No line before the one holding "Ethniconvention, Vol. 5" is to be copied; that line and all after it, through the end of the listing, are returned exactly, minus pictures.

*** Opening of Collected material ***

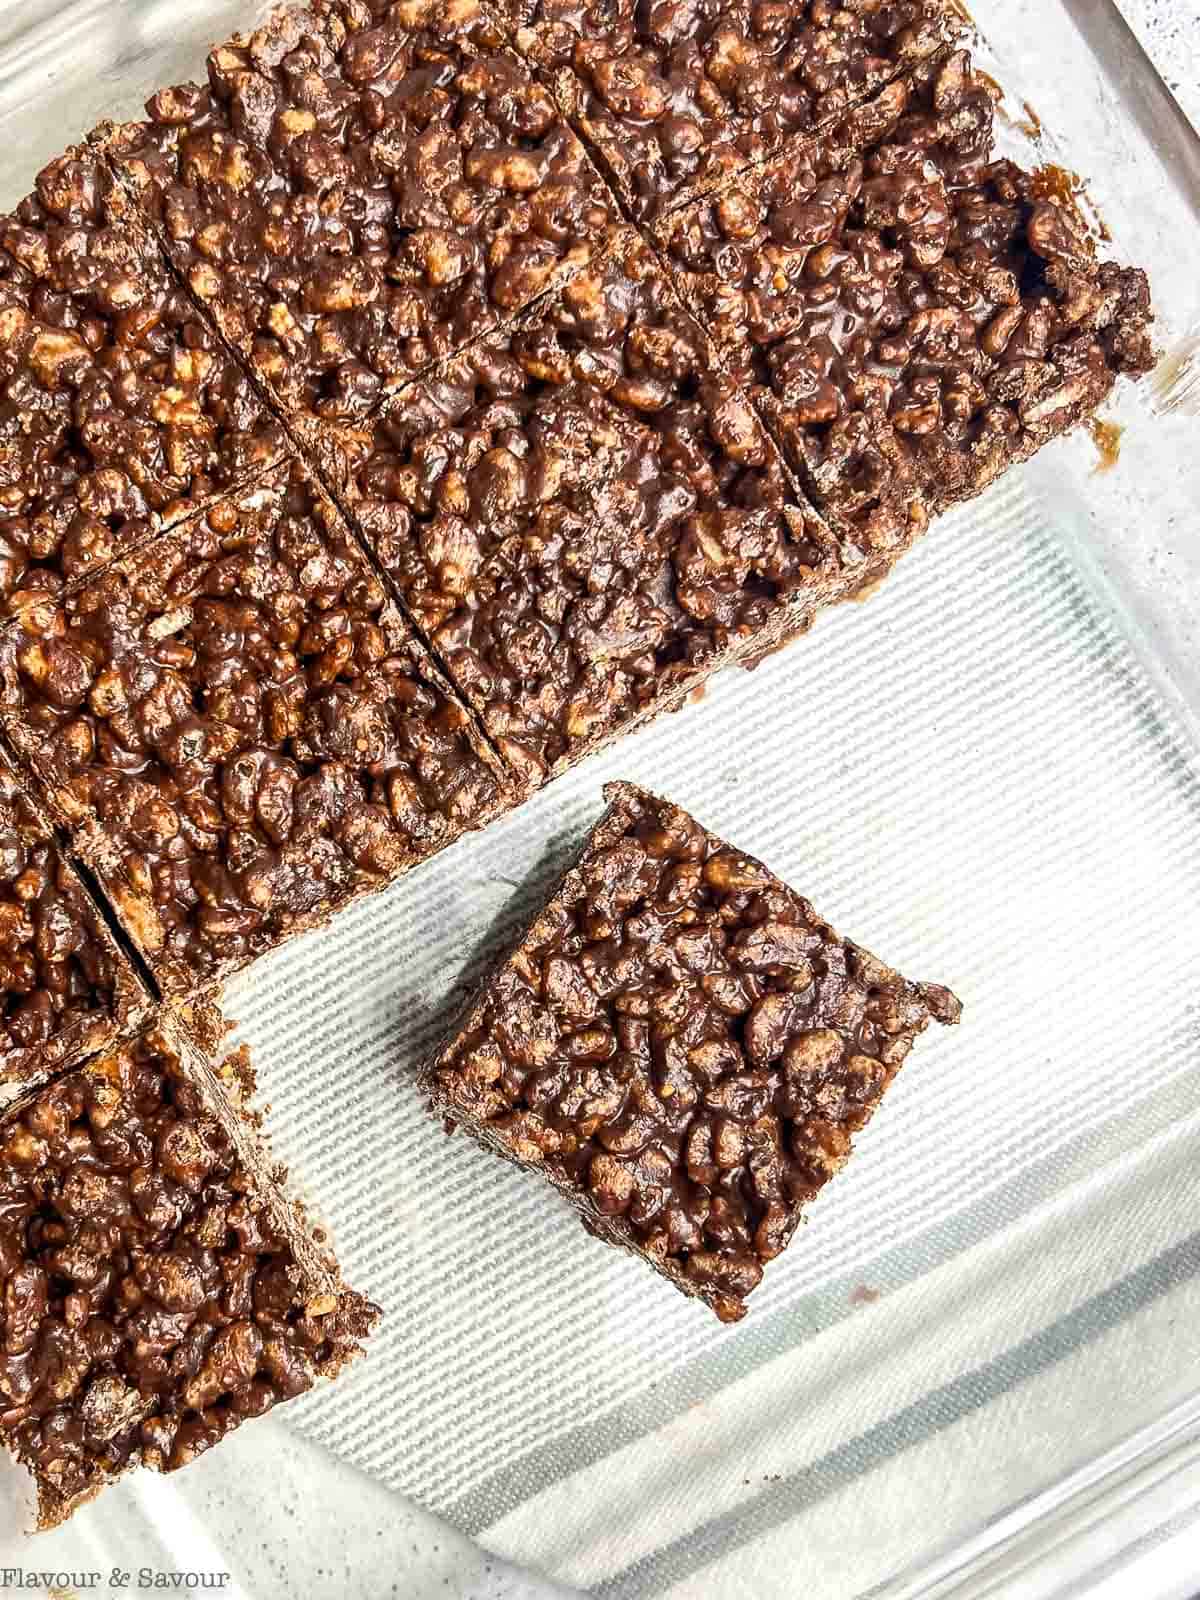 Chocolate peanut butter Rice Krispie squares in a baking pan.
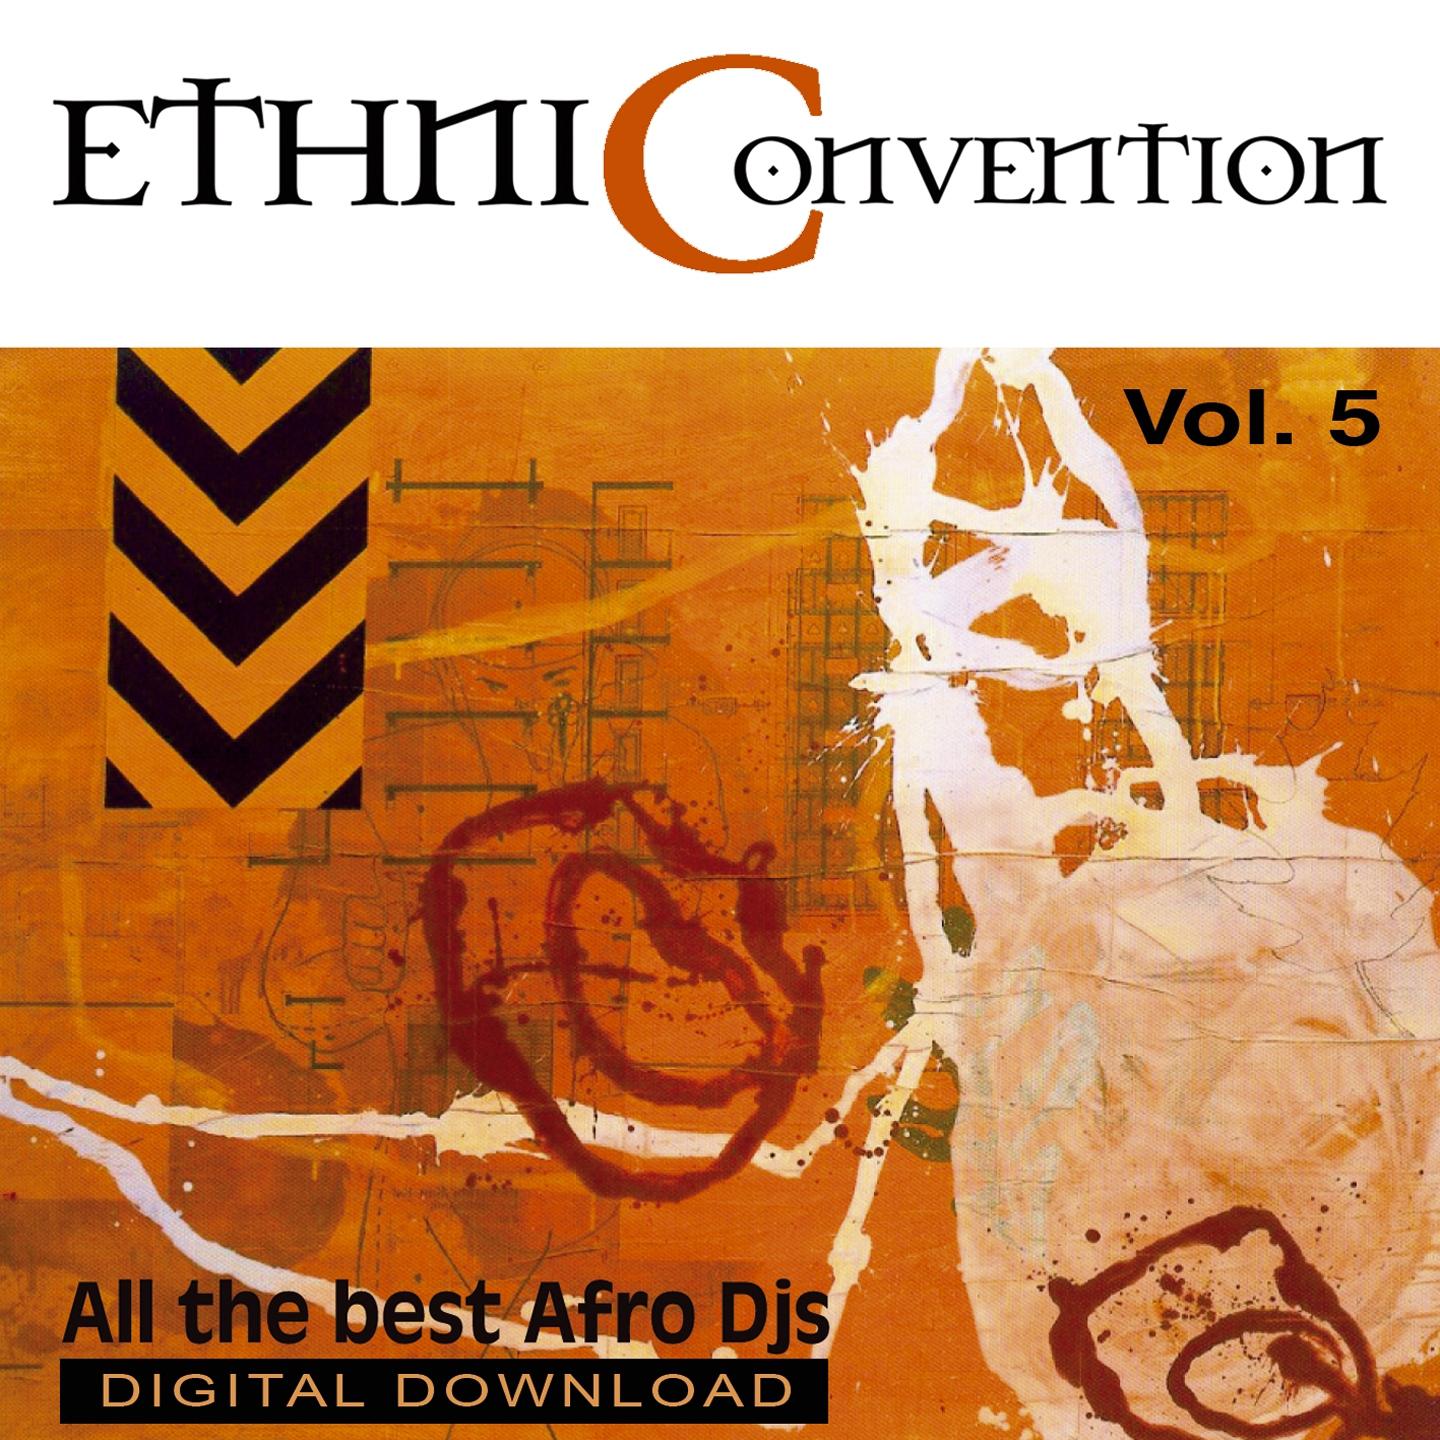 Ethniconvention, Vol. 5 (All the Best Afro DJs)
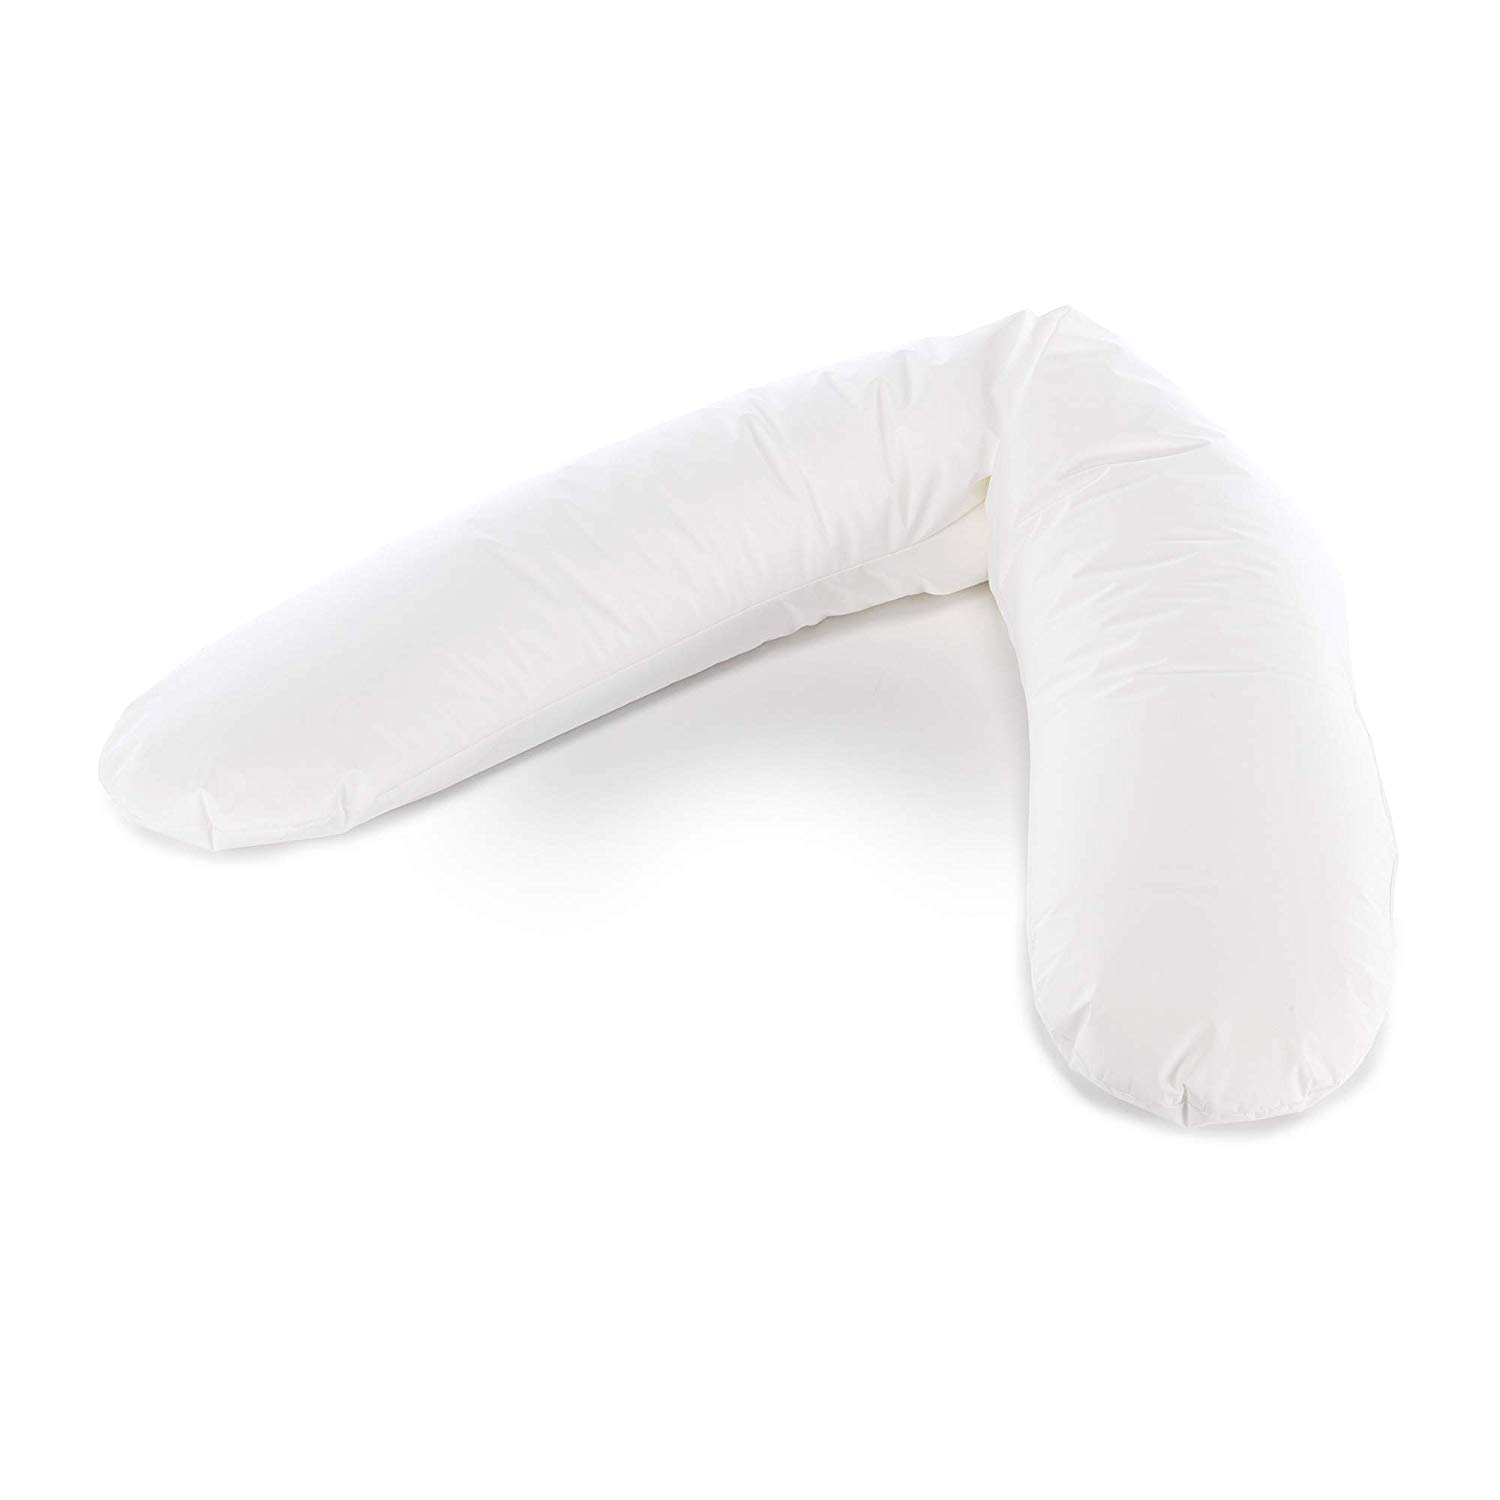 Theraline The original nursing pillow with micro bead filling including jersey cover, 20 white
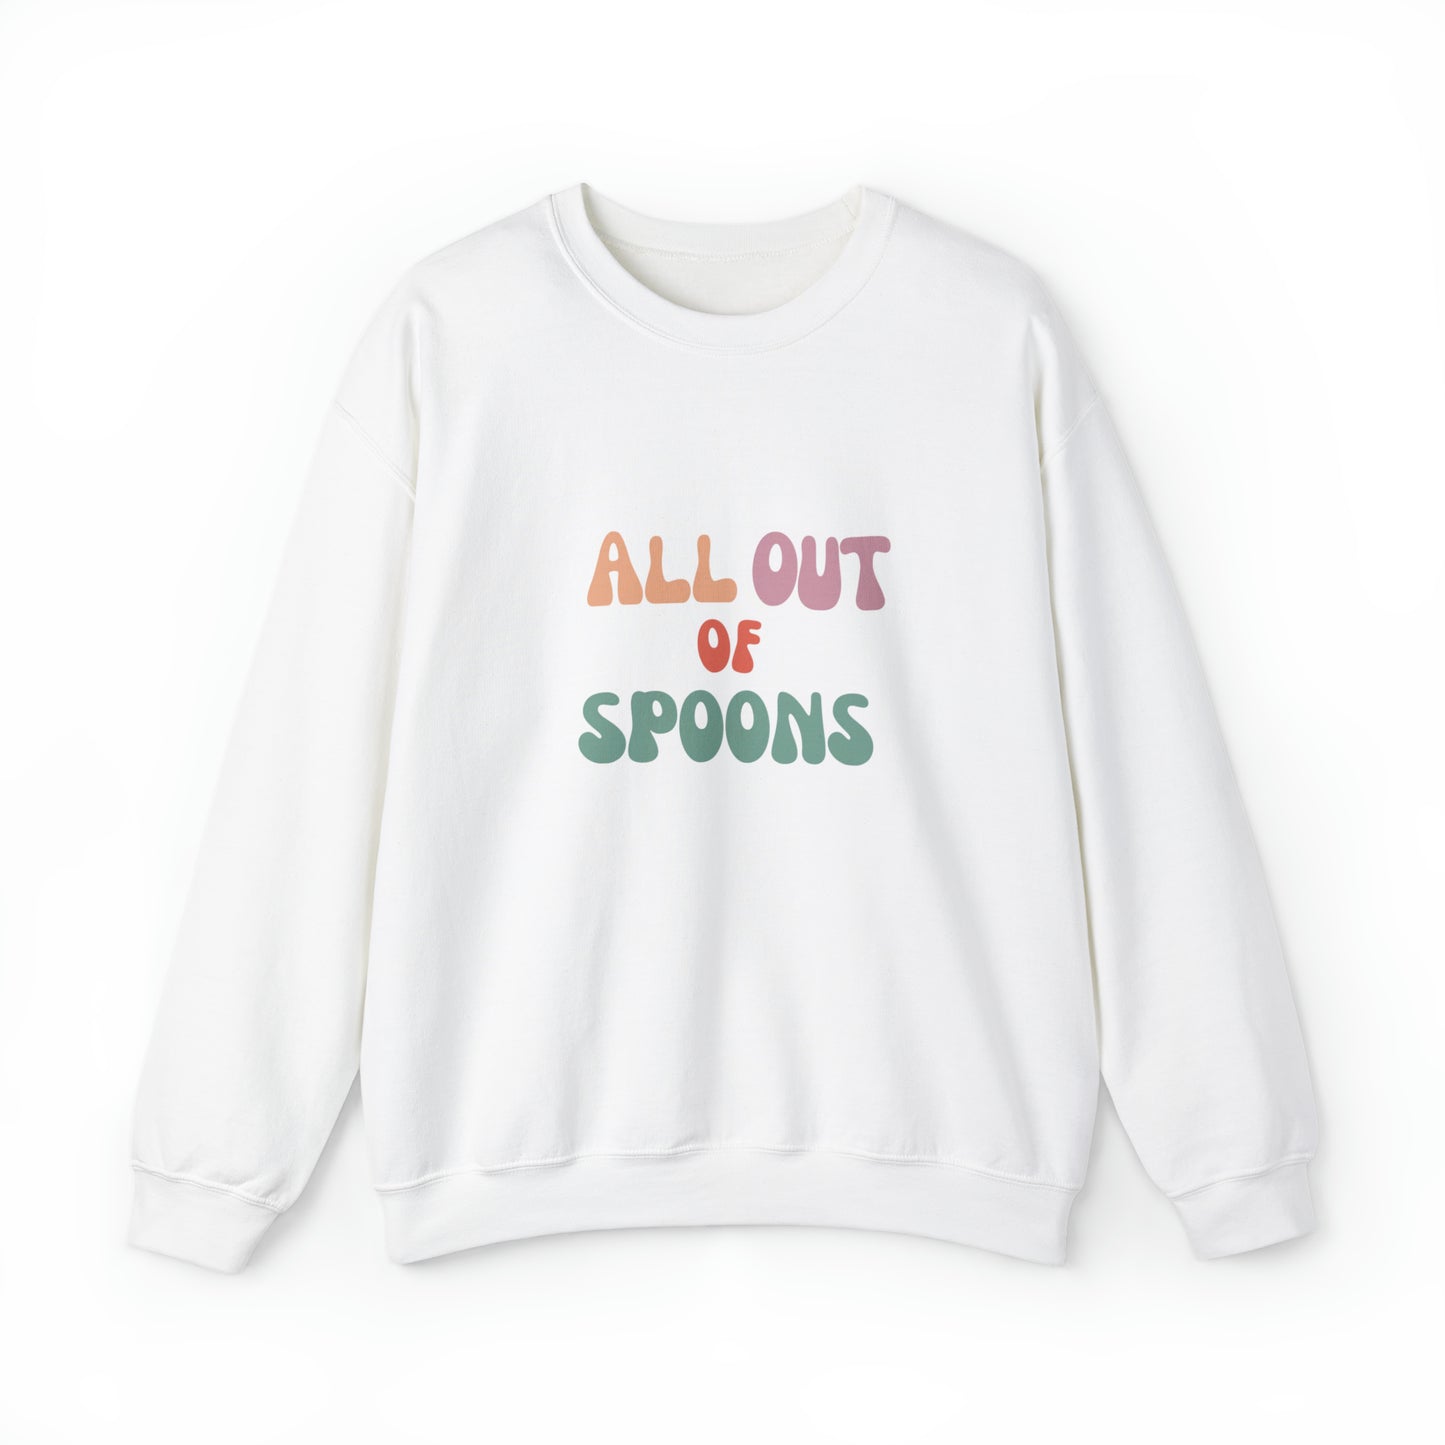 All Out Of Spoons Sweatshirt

*** Close of Collected material ***

Answer to the problem -
 Ethniconvention, Vol. 5 (All the Best Afro DJs)
 Theraline The original nursing pillow with micro bead filling including jersey cover, 20 white
 All Out Of Spoons Sweatshirt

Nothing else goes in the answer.